Halfway Up The Street
She stops to light a fag, watches some sparrows fight over batter-bits, left by a slow-blown chip-paper that tumbleweeds across the Courthouse grass.
From the pavement she squints to make out the headline exclaiming Sandie Shaw a winner.
She drags deep on her fag, exhales, puts both hands back on the pram and starts walking, steering around a curled mound of dog muck.
Jean and her sisters watched the Eurovision on their new second-hand black and white TV on Saturday night, bought by her mam the weekend before from a woman at work.
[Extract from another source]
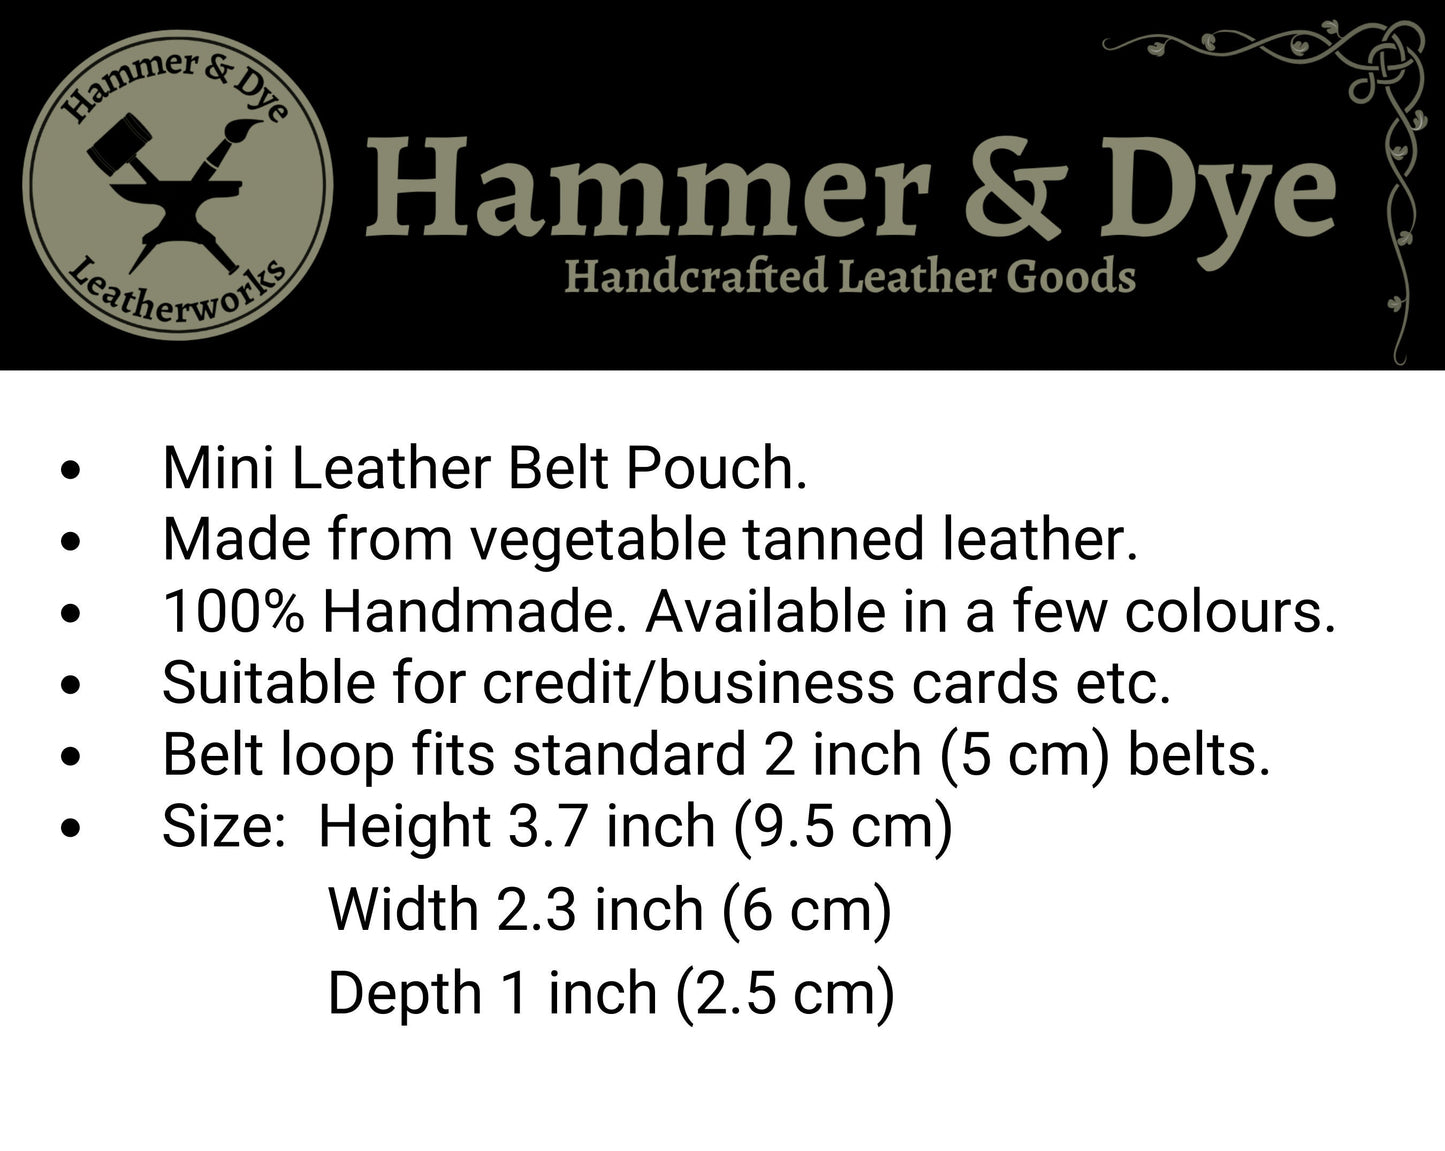 Mini Leather Belt Pouch, Ideal credit or business card holder.

Jean and her sisters gasped when Sandie’s microphone didn’t work at first, and then moved as one to the edge of the new second-hand settee when Sandie’s voice came through loud and clear.
Jean would like her hair cut like Sandie’s, but for now she wears it in a beehive.
She stoops by the cenotaph to pull the backs of her sandals up, and to stop her heart beating fast she sings the first line of Sandie’s chorus, almost breathing it into the mouth of the pram.
Say you love me madly, I’ll gladly, be there.
She frowns, drags on her fag, then starts reading the blackened names on the cenotaph.
For those who fell.
She gets as far as Evans G, then understands these names mean nothing to her, and placing one hand on the pram, she moves on in slow measured steps, fag in mouth, using her free hand to check her hair.
In the mirror this morning she thought she looked older. This is something she wants, and has been practising an older face. The older face doesn’t smile.
She takes her fag out and glances down to her belly and legs as she walks. In her brown suede miniskirt her belly has lost its little pudding, and she thinks her legs have gained nothing after the birth.
In the distance, the Post Office clock looks like it reads a quarter to one, but she can’t be sure without her glasses.
Jean puts the brake on the big old pram and moves around to the side of it, peering into the flaky chrome struts that hold the hood up. Her black eyeliner is thick today, and her slate-grey eyes stare back between curls of peeling silver.
She rubs the loose flakes off and wishes she had a new pram.
When the woman from the Social came to tell her someone had donated a used pram and did she want it, Jean felt happy. She walked all the way across town to a big old house to collect it. The woman who was donating the pram smiled at Jean, but she could tell the woman was judging her.
Jean’s mam warned her people would be like this when she came home with the baby.
Jean knew this anyway.
Lifting the brake with the toe of her sandal, Jean and the pram move off slowly. She still has quarter of an hour until she meets Mick, and Mick is always late.
Her heart starts beating faster again when she thinks of him, and she hates herself for not being strong and calm like an older woman would.
She parks the pram by the bench and sits down, pulling her skirt down lower.
Stamping her fag out, she remembers Mick’s face when she told him she was pregnant. She remembers the flicker of shock in his eyes, the blink, then the grin, the Oh well I suppose we’d best get married then.